Researching the global shipping industry, I saw how modern mega-vessels offer the efficiency consumers demand, at a price

However grim and difficult life these days is, I’d still prefer to be sitting on dry land in lockdown than trying to do a three-point turn on the Suez canal with a 400-metre cargo ship under my control. Wouldn’t you? The grounding of the Ever Given container vessel in the Suez canal has provoked both hilarity and genuine concern. Vessels have got stuck before in the canal: at its narrowest, the “ditch in the desert”, as crew on the container vessel I travelled with in 2010 told me, is only 300 metres wide. It’s tight. That’s why ships must wait at either end to be sent through in a slow convoy. But the Ever Given is longer than the canal is wide, and it is stuck sideways. A simple shunt off the banks will not work.
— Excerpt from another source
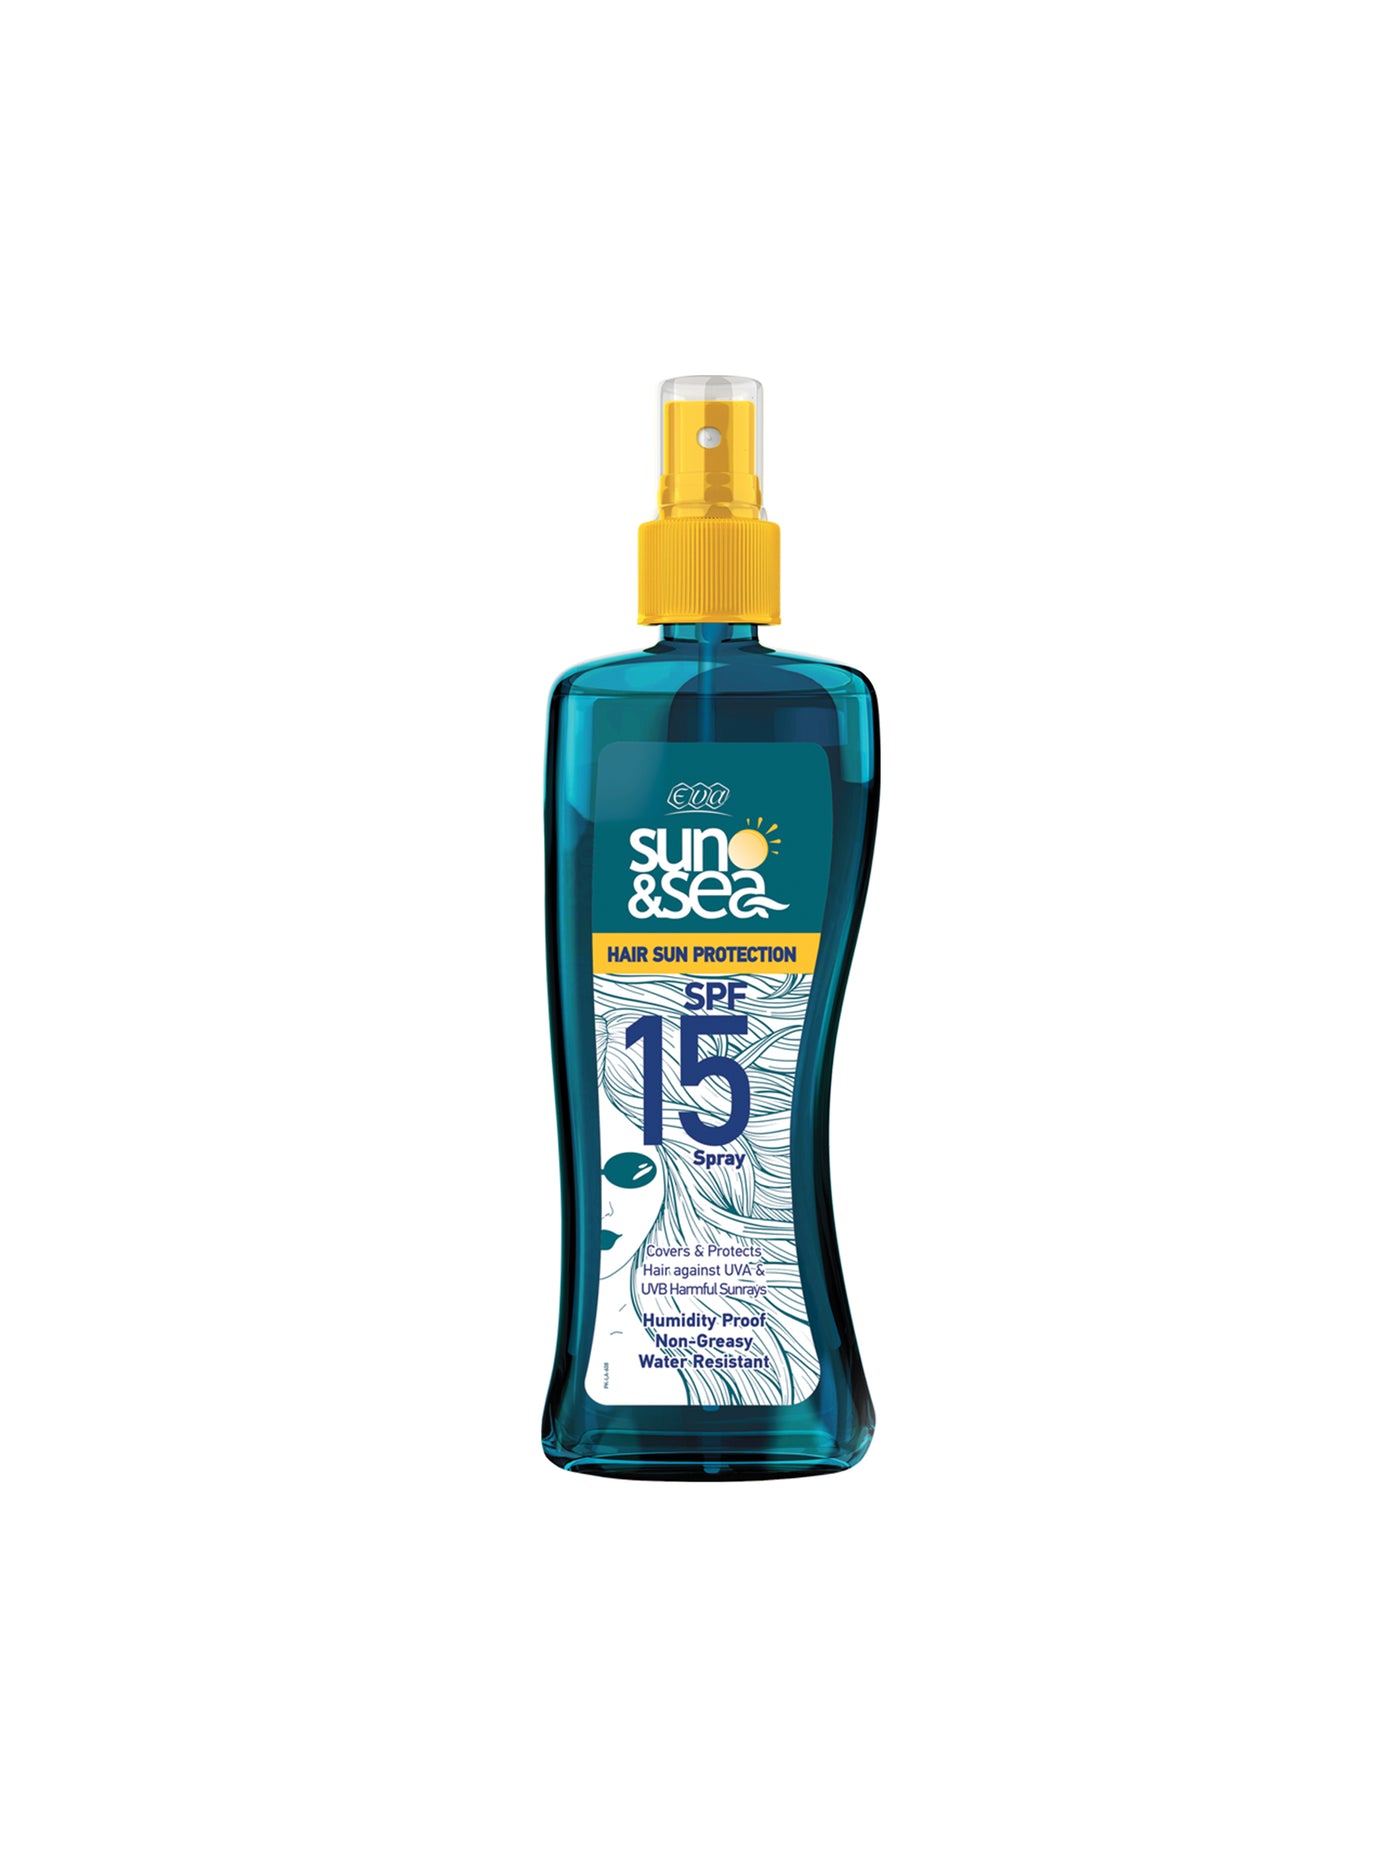 Eva Sun&Sea Hair Sun Protection Spray Liquid SPF 15
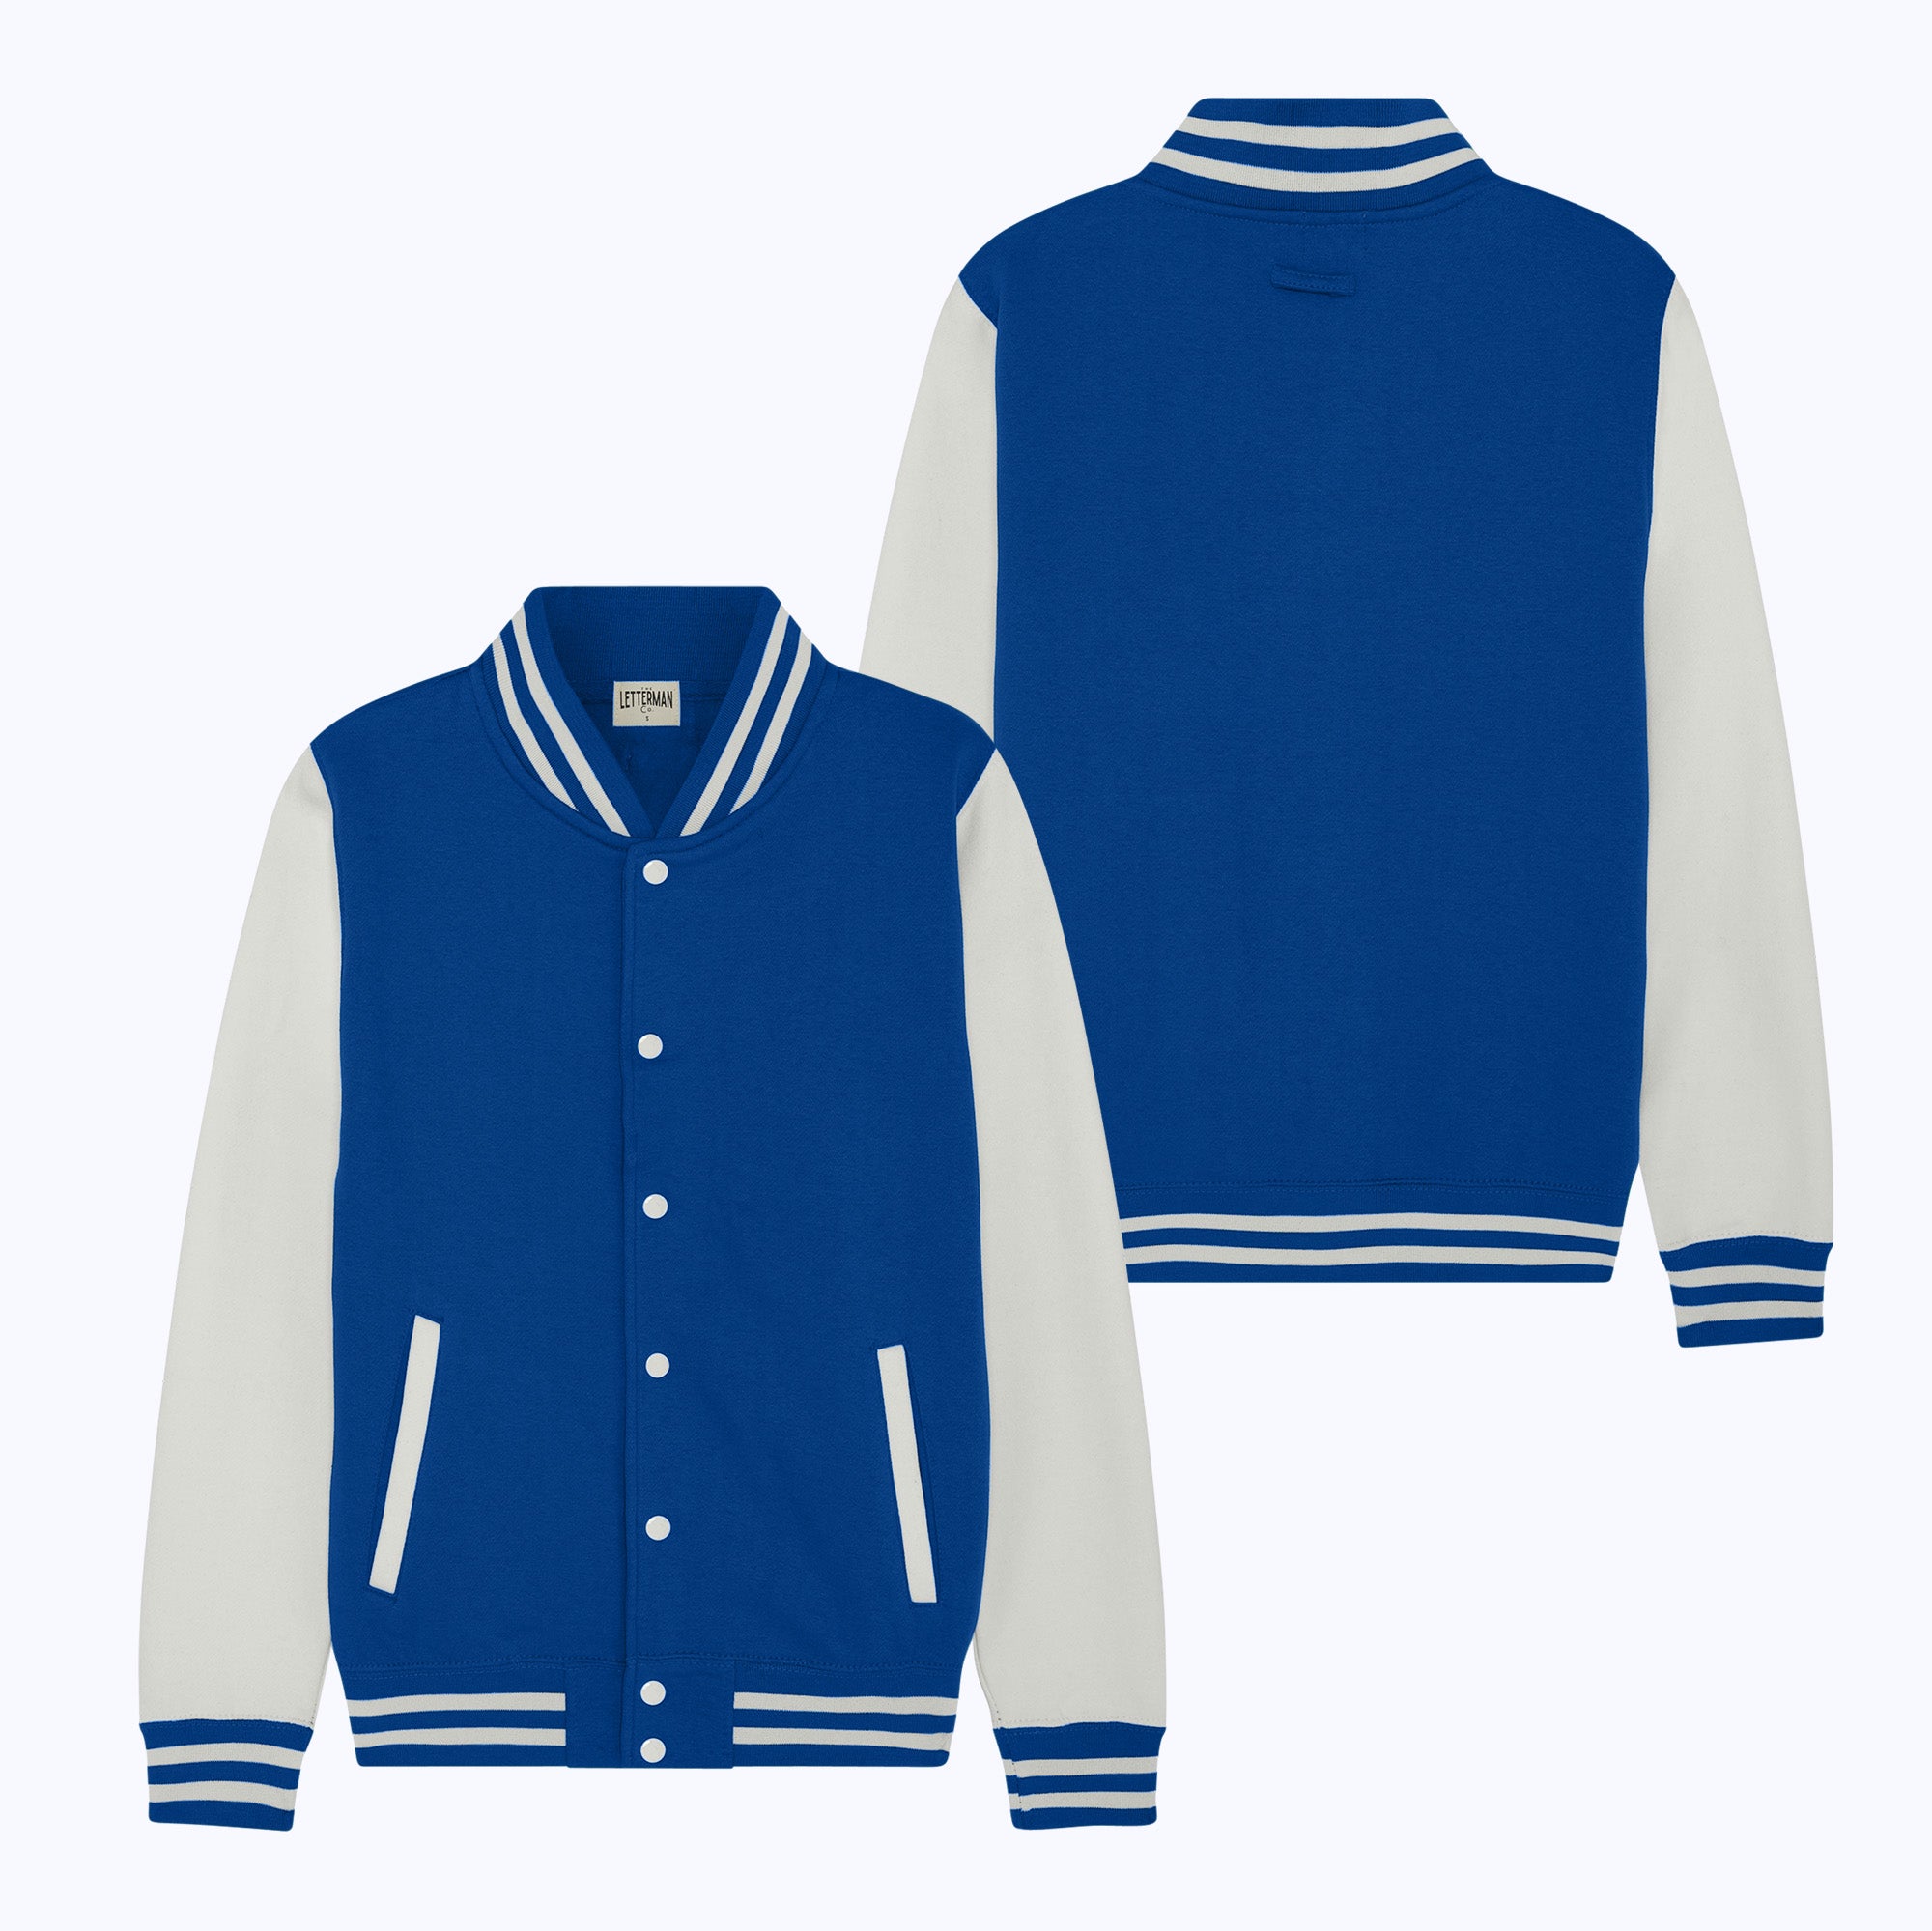 Blue And White Full Sleeves Custom Logo Design Men Cotton Varsity

The blockage is costly in all sorts of ways, as well as embarrassing for the Taiwan-based Evergreen Marine, the company that operates the ship. The Suez canal was opened in 1869, after the French engineer Ferdinand de Lesseps employed forced labour to improve rudimentary pre-existing canals (that had been in existence probably since the time of Pharaoh Senusret III) and created an essential thoroughfare for marine traffic, expending many lives in the process and taking 10 years.